How to complete this task » When you repeat the listing below, keep every word exactly and leave out each picture.

Provided material »
• • • • •

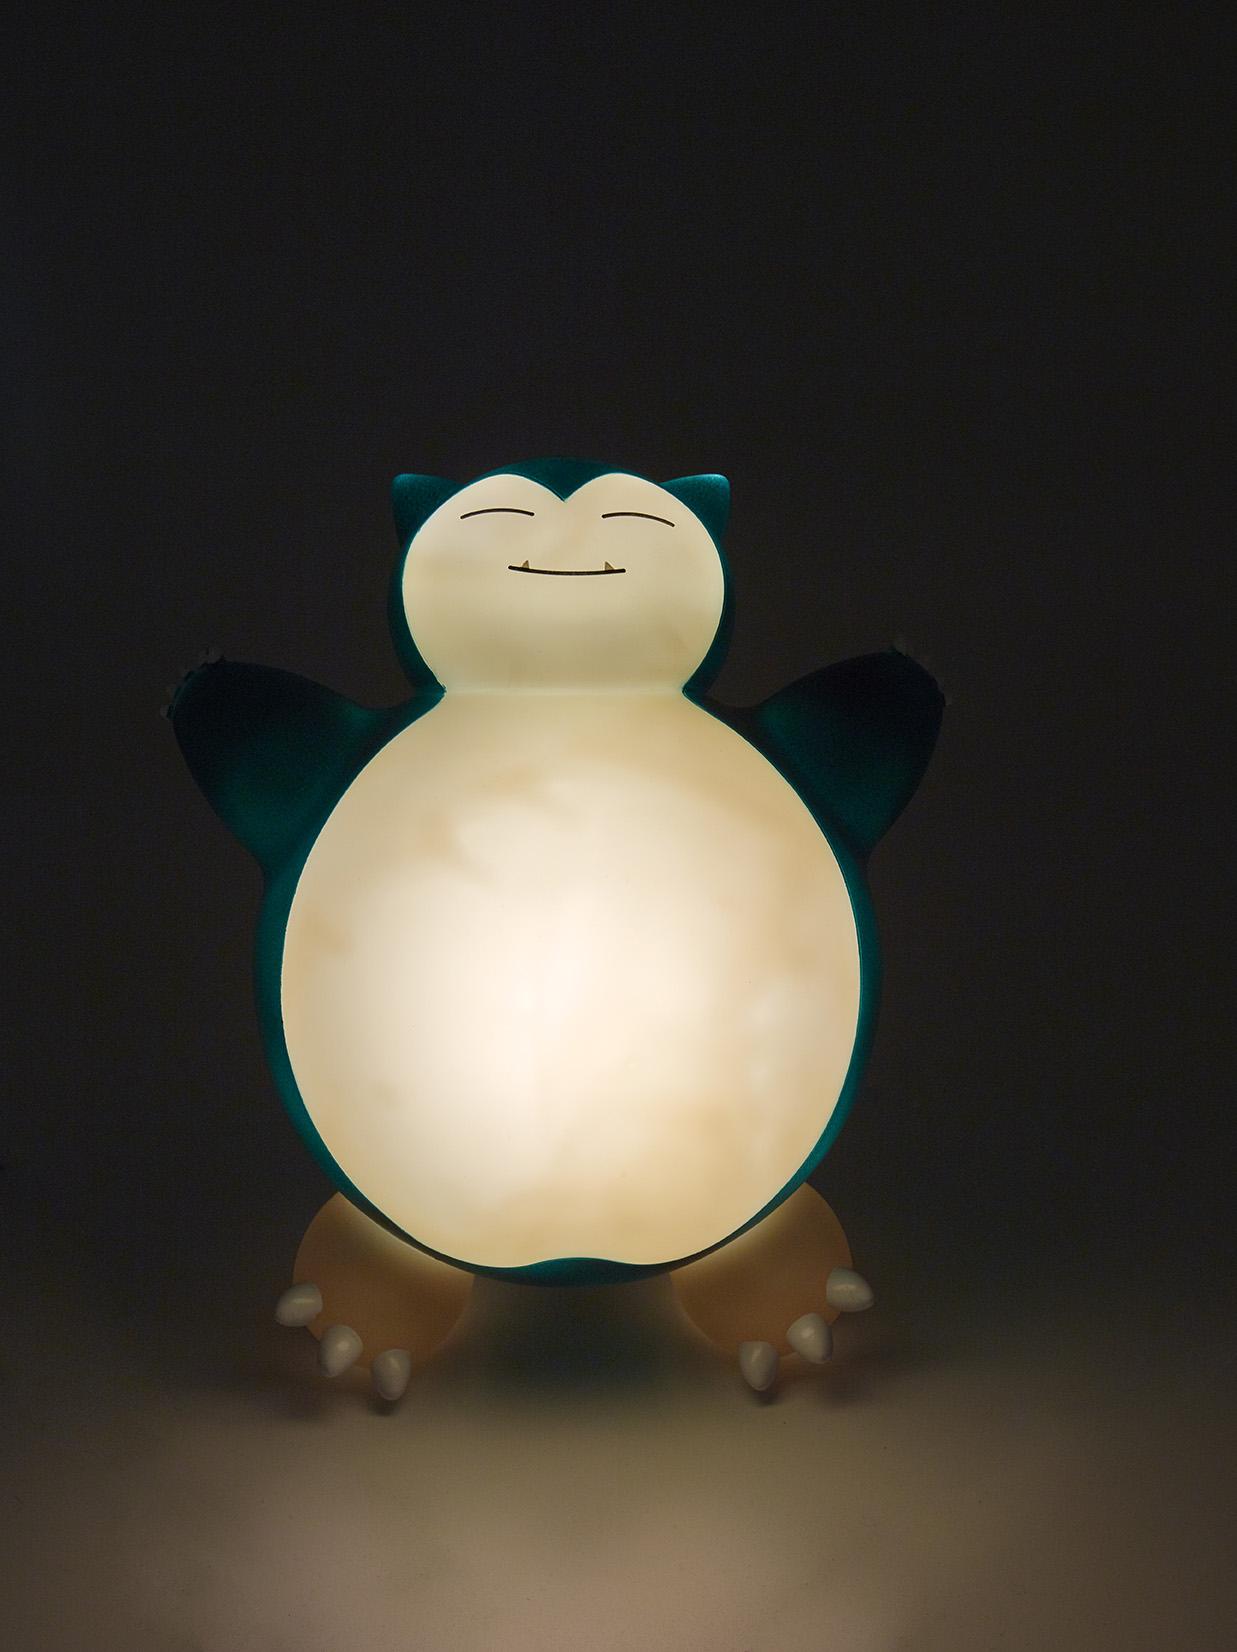 Pokémon snorlax led lamp night view
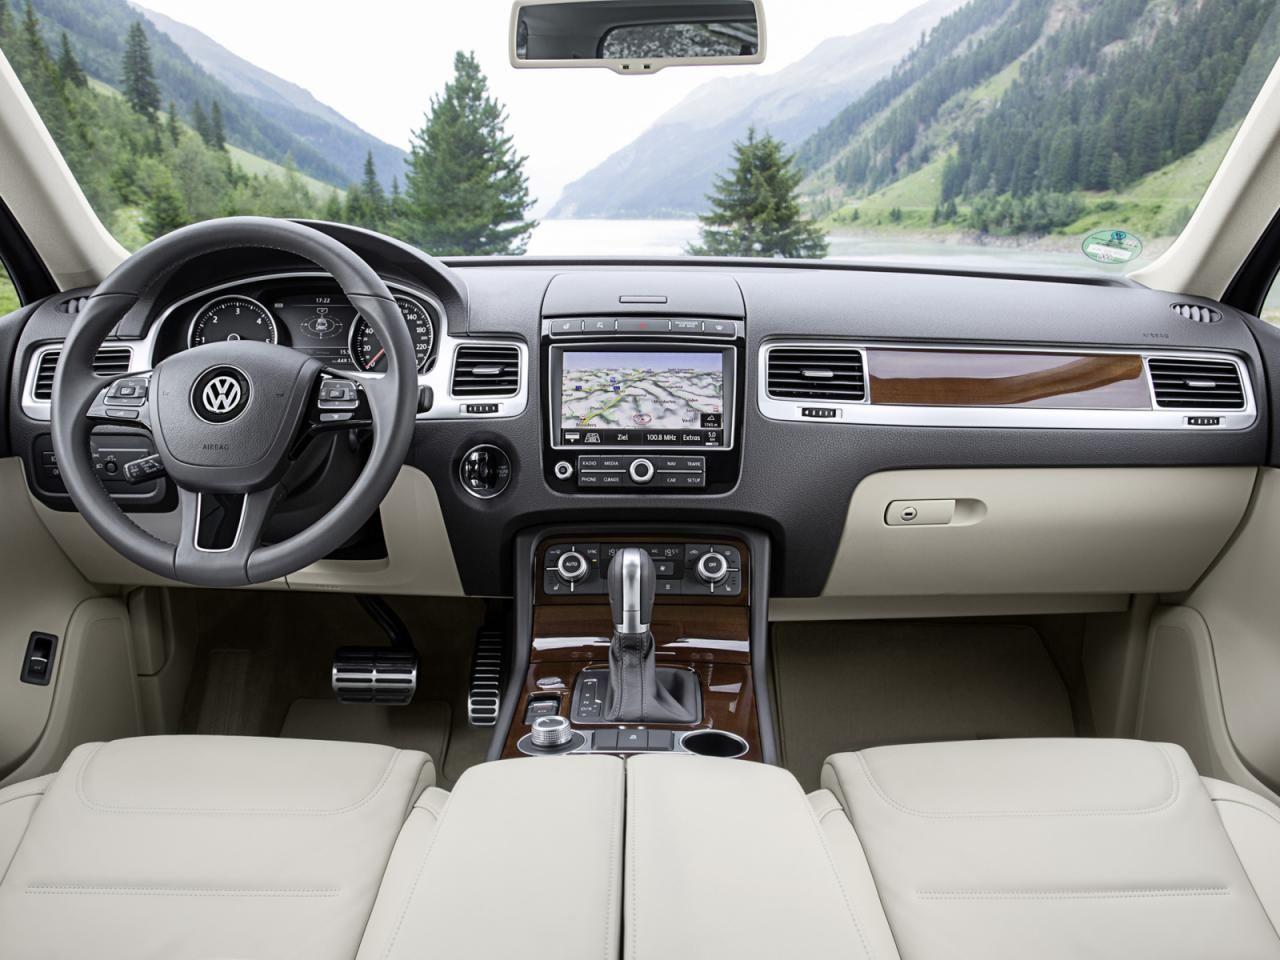 2015-Volkswagen-Touareg-interior.jpg (1280×960) | Juané Car ...
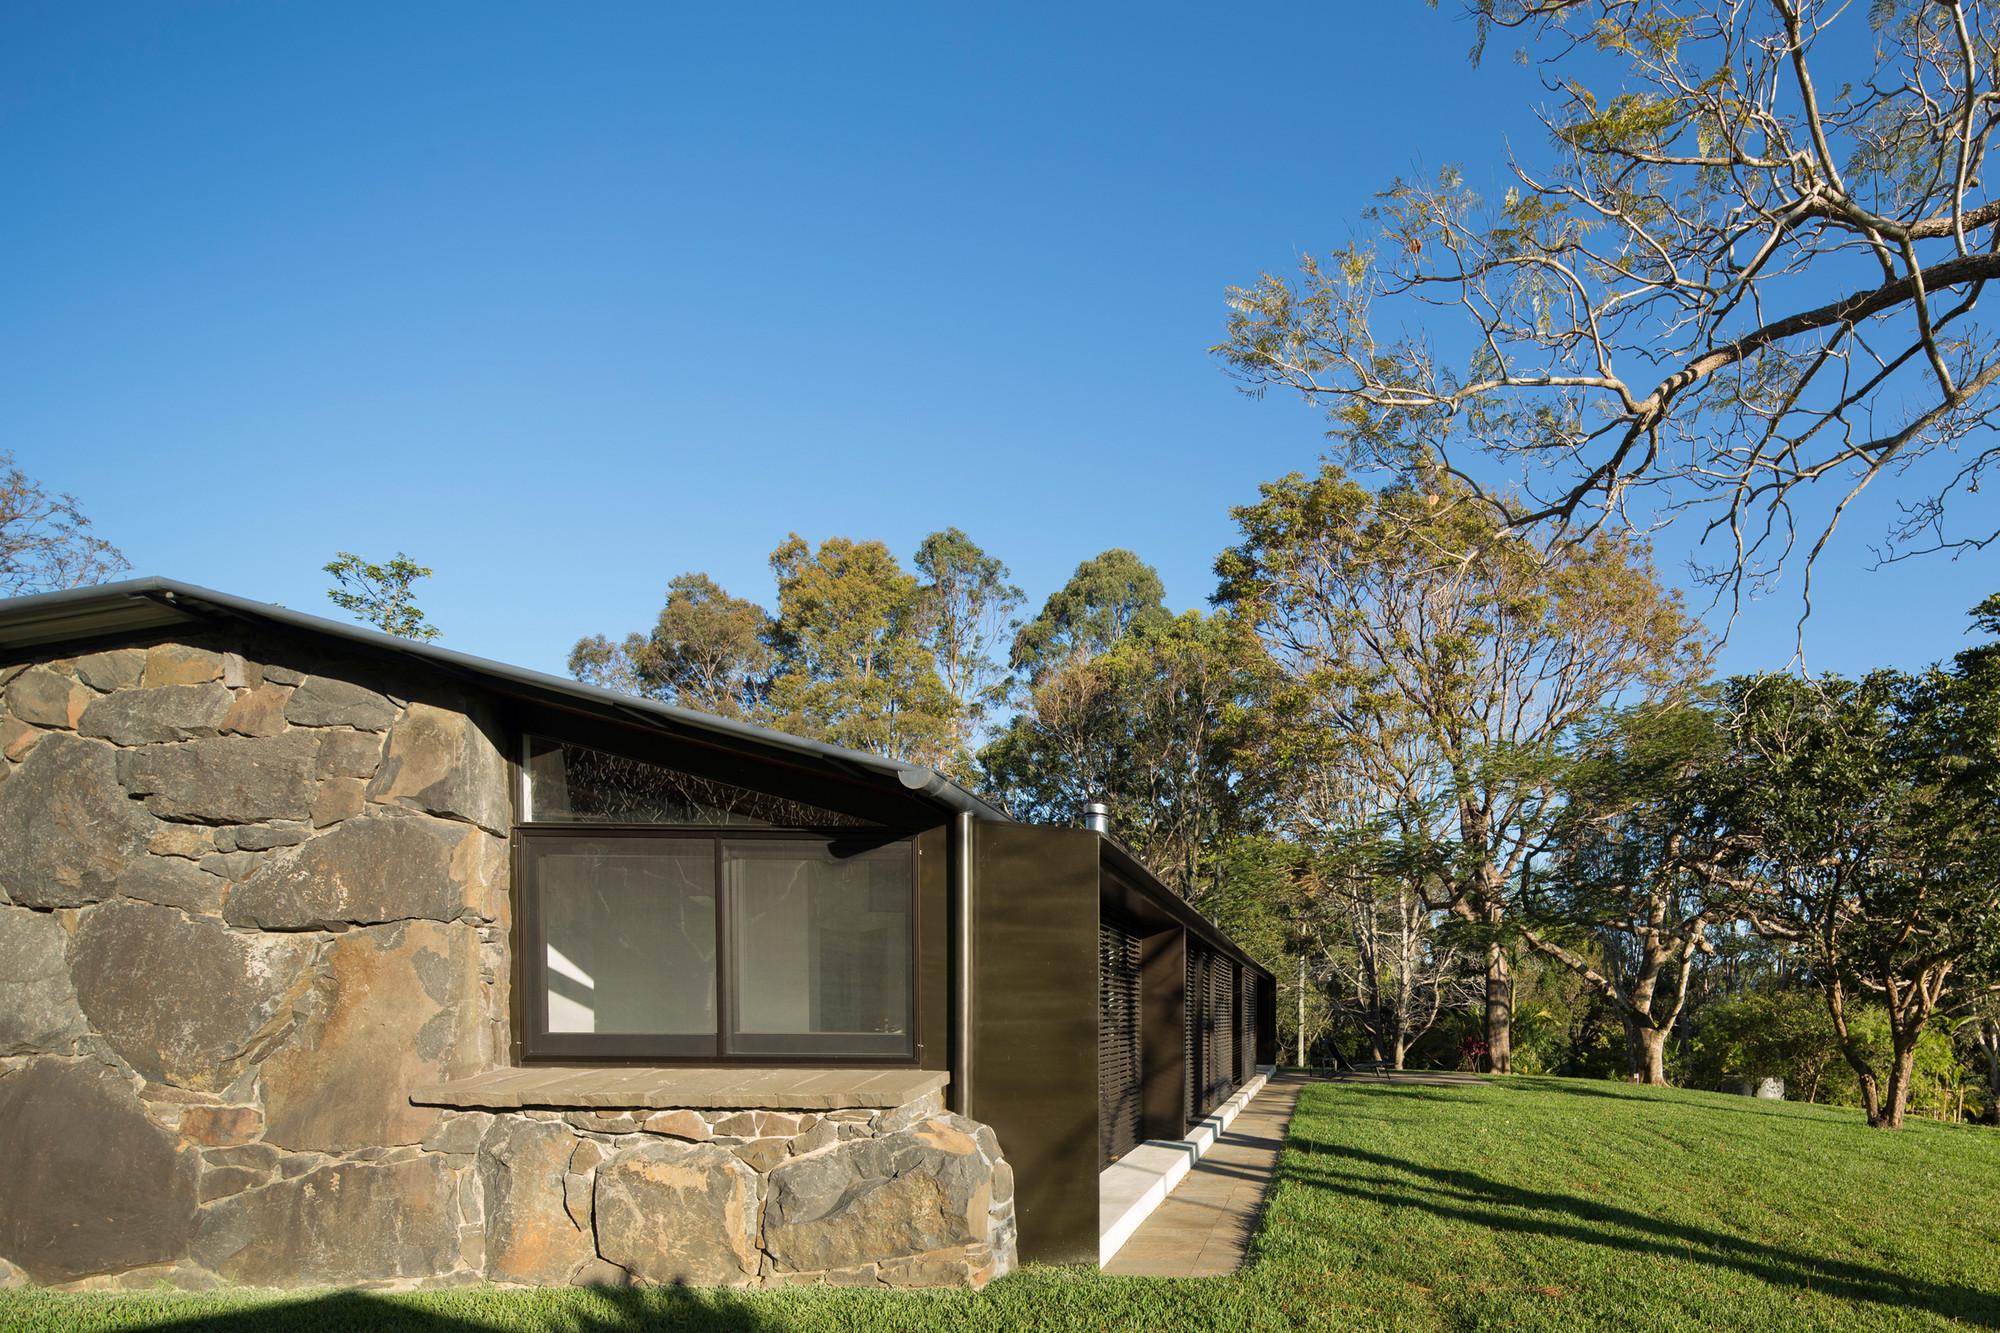 Casa de Pedra / CHROFI, © Brett Boardman
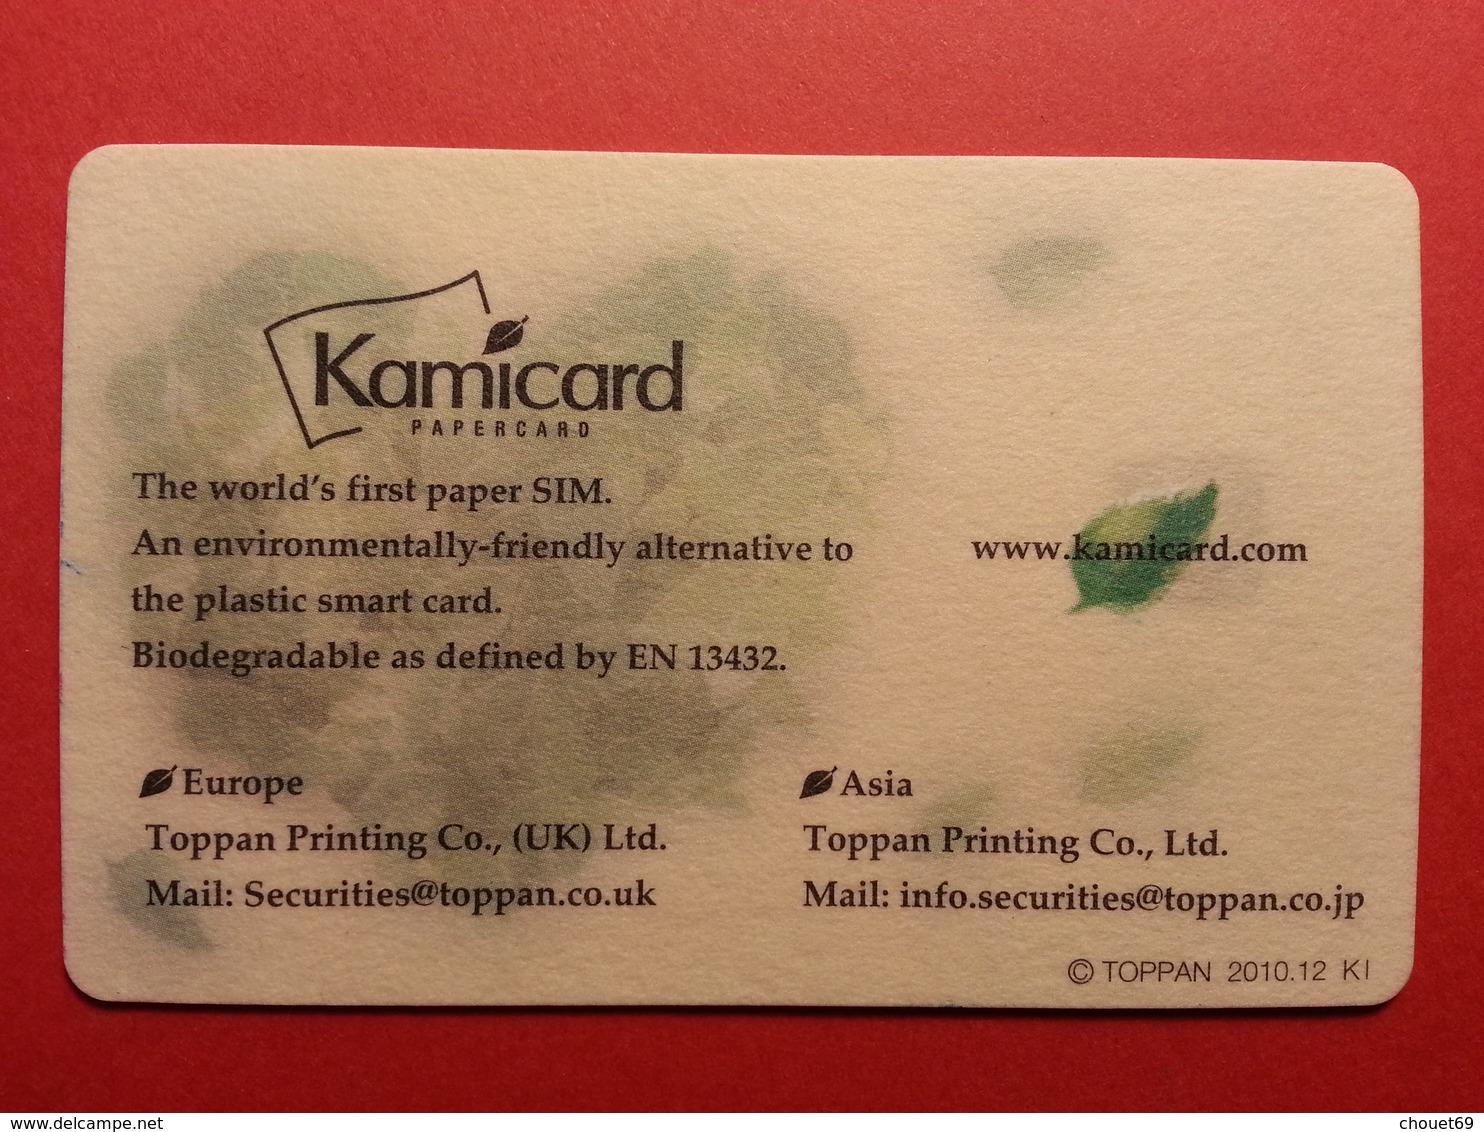 China - MUSTER Coeur TOPPAN Paper GSM SIM Kamicard Mint DEMO TEST TRIAL (SACROC) - Chine

• • • • •

Your solution »
 Pokémon snorlax led lamp night view
 2015-Volkswagen-Touareg-interior.jpg (1280×960) | Juané Car ...
 Casa de Pedra / CHROFI, © Brett Boardman
 China - MUSTER Coeur TOPPAN Paper GSM SIM Kamicard Mint DEMO TEST TRIAL (SACROC) - Chine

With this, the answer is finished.